What you write must be the listing below in full, word for word, minus its pictures.

Stored data.
=== Begin Enclosure ===
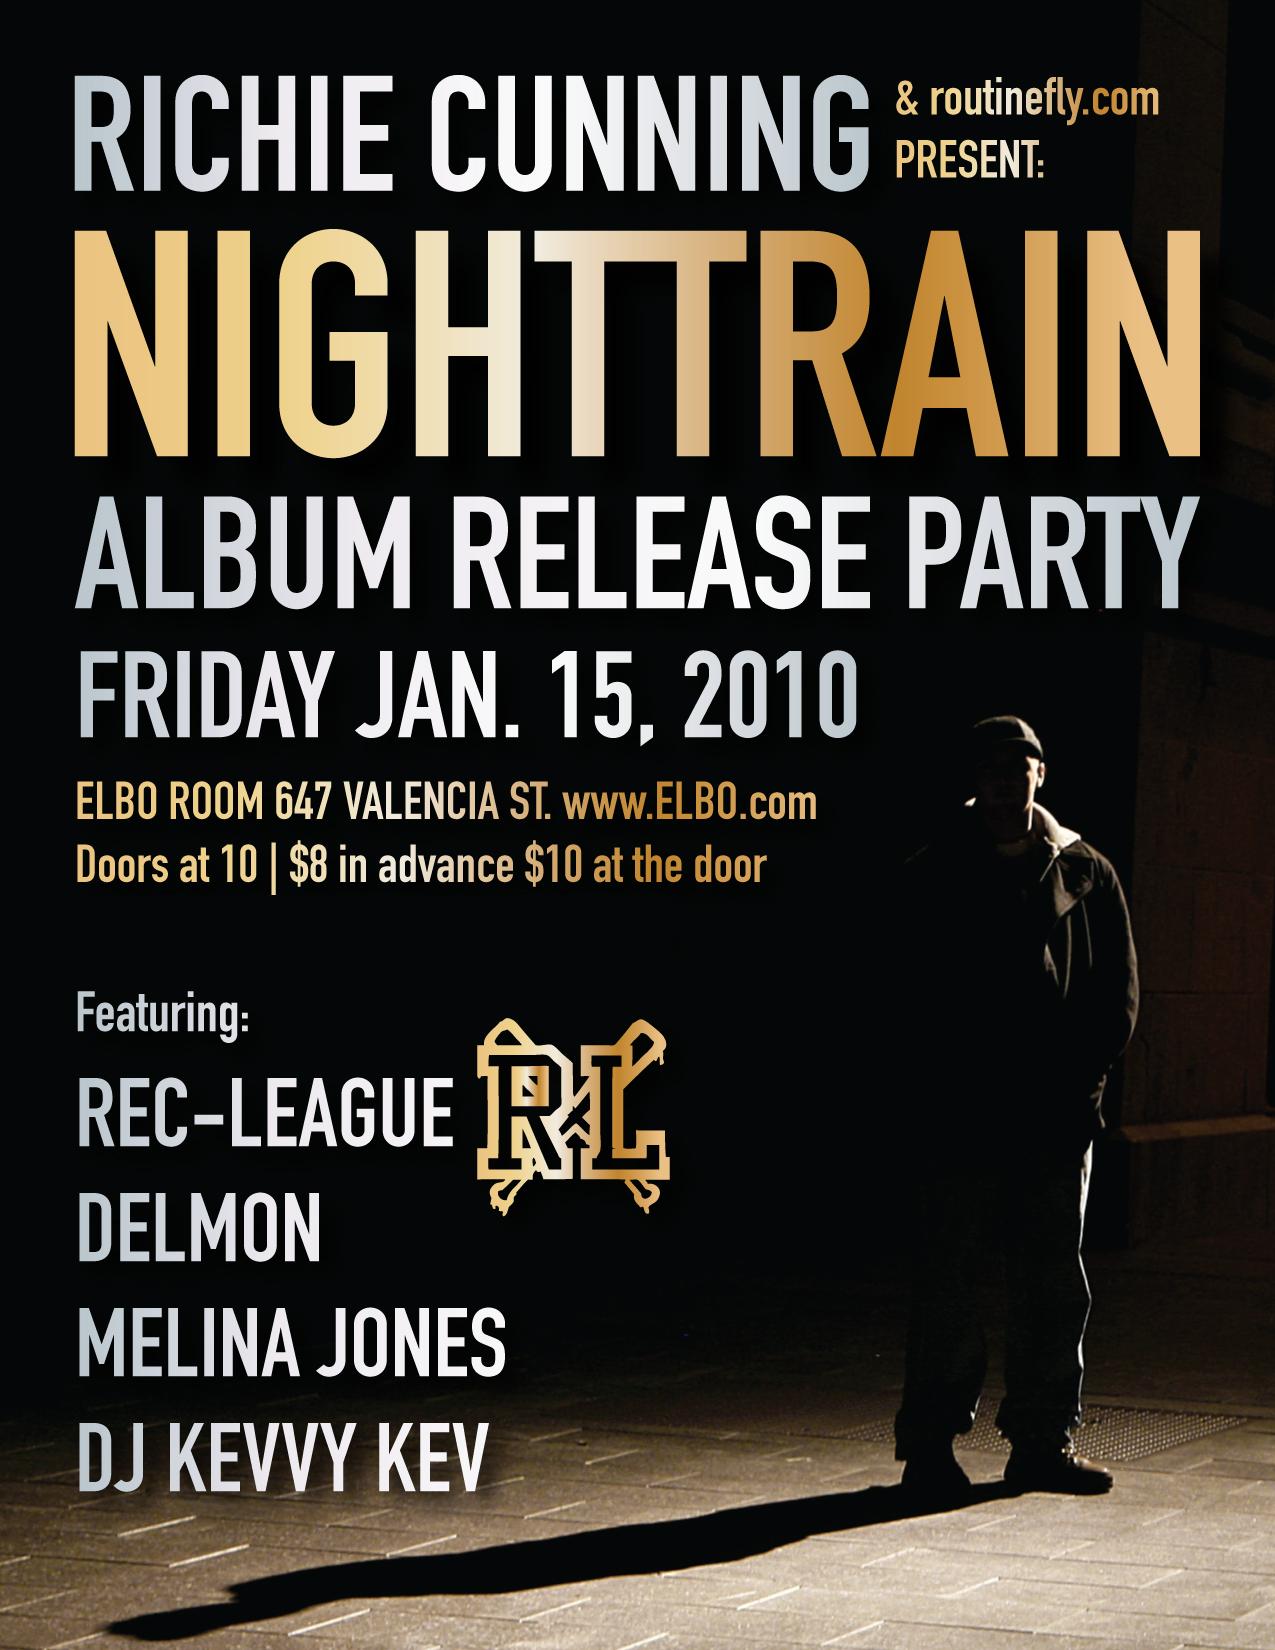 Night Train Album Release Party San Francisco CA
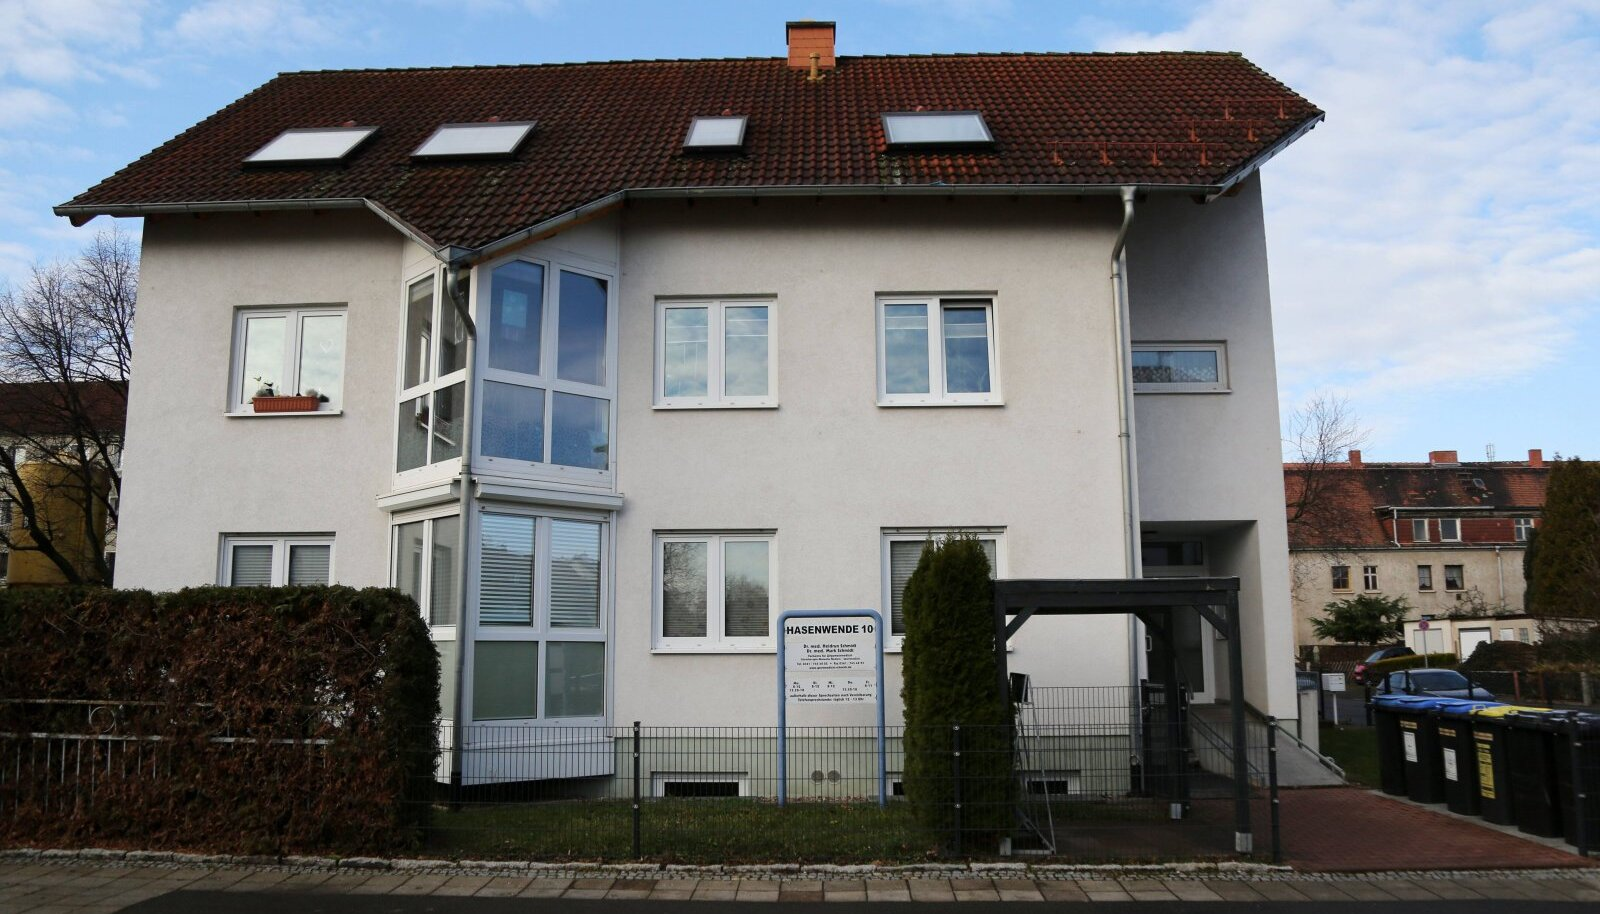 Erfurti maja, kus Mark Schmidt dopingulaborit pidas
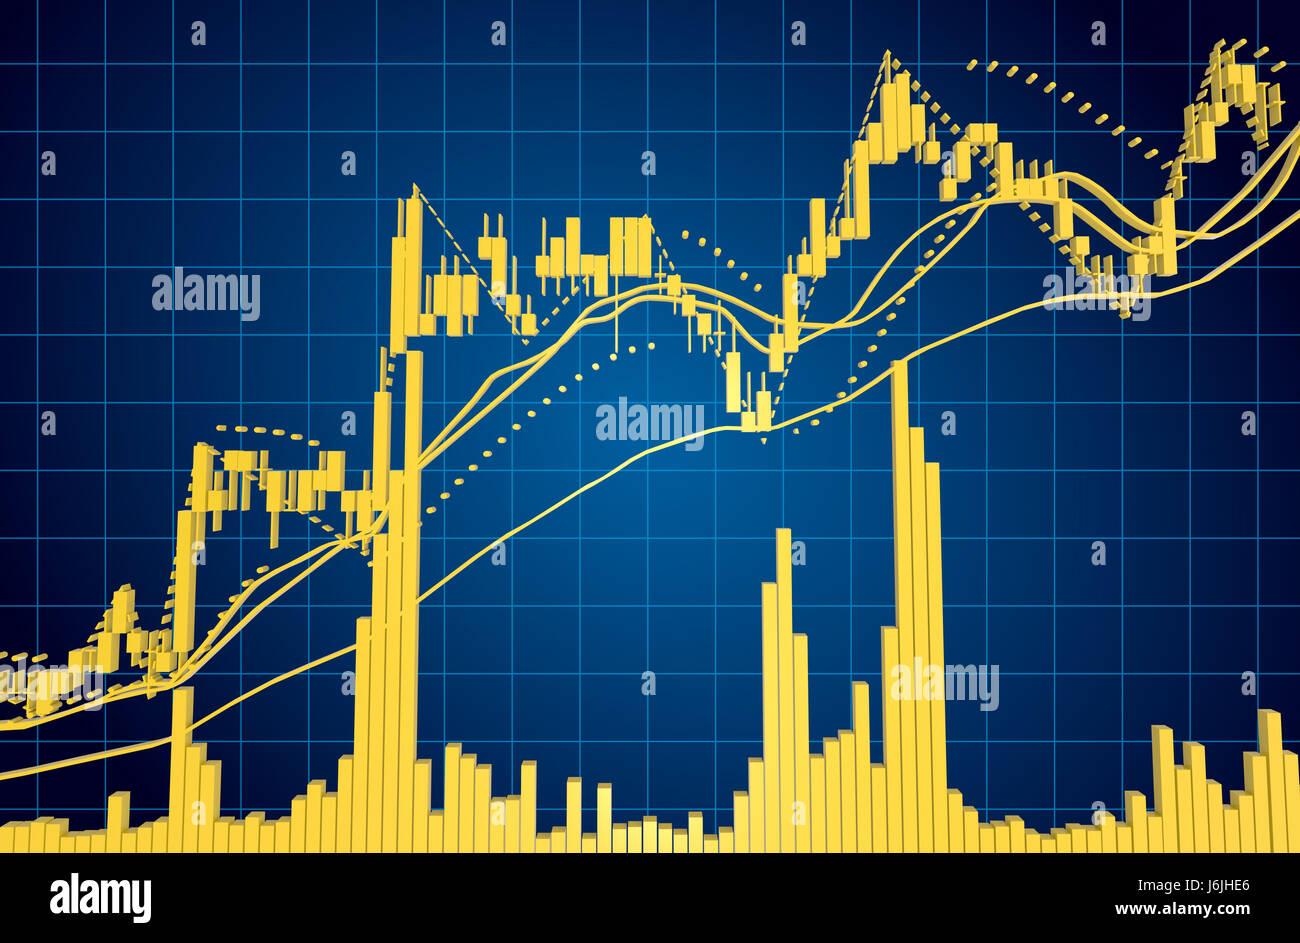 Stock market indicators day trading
=== End Enclosure ===
Exercise solution.
 Night Train Album Release Party San Francisco CA
 Erfurti maja, kus Mark Schmidt dopingulaborit pidas
 Stock market indicators day trading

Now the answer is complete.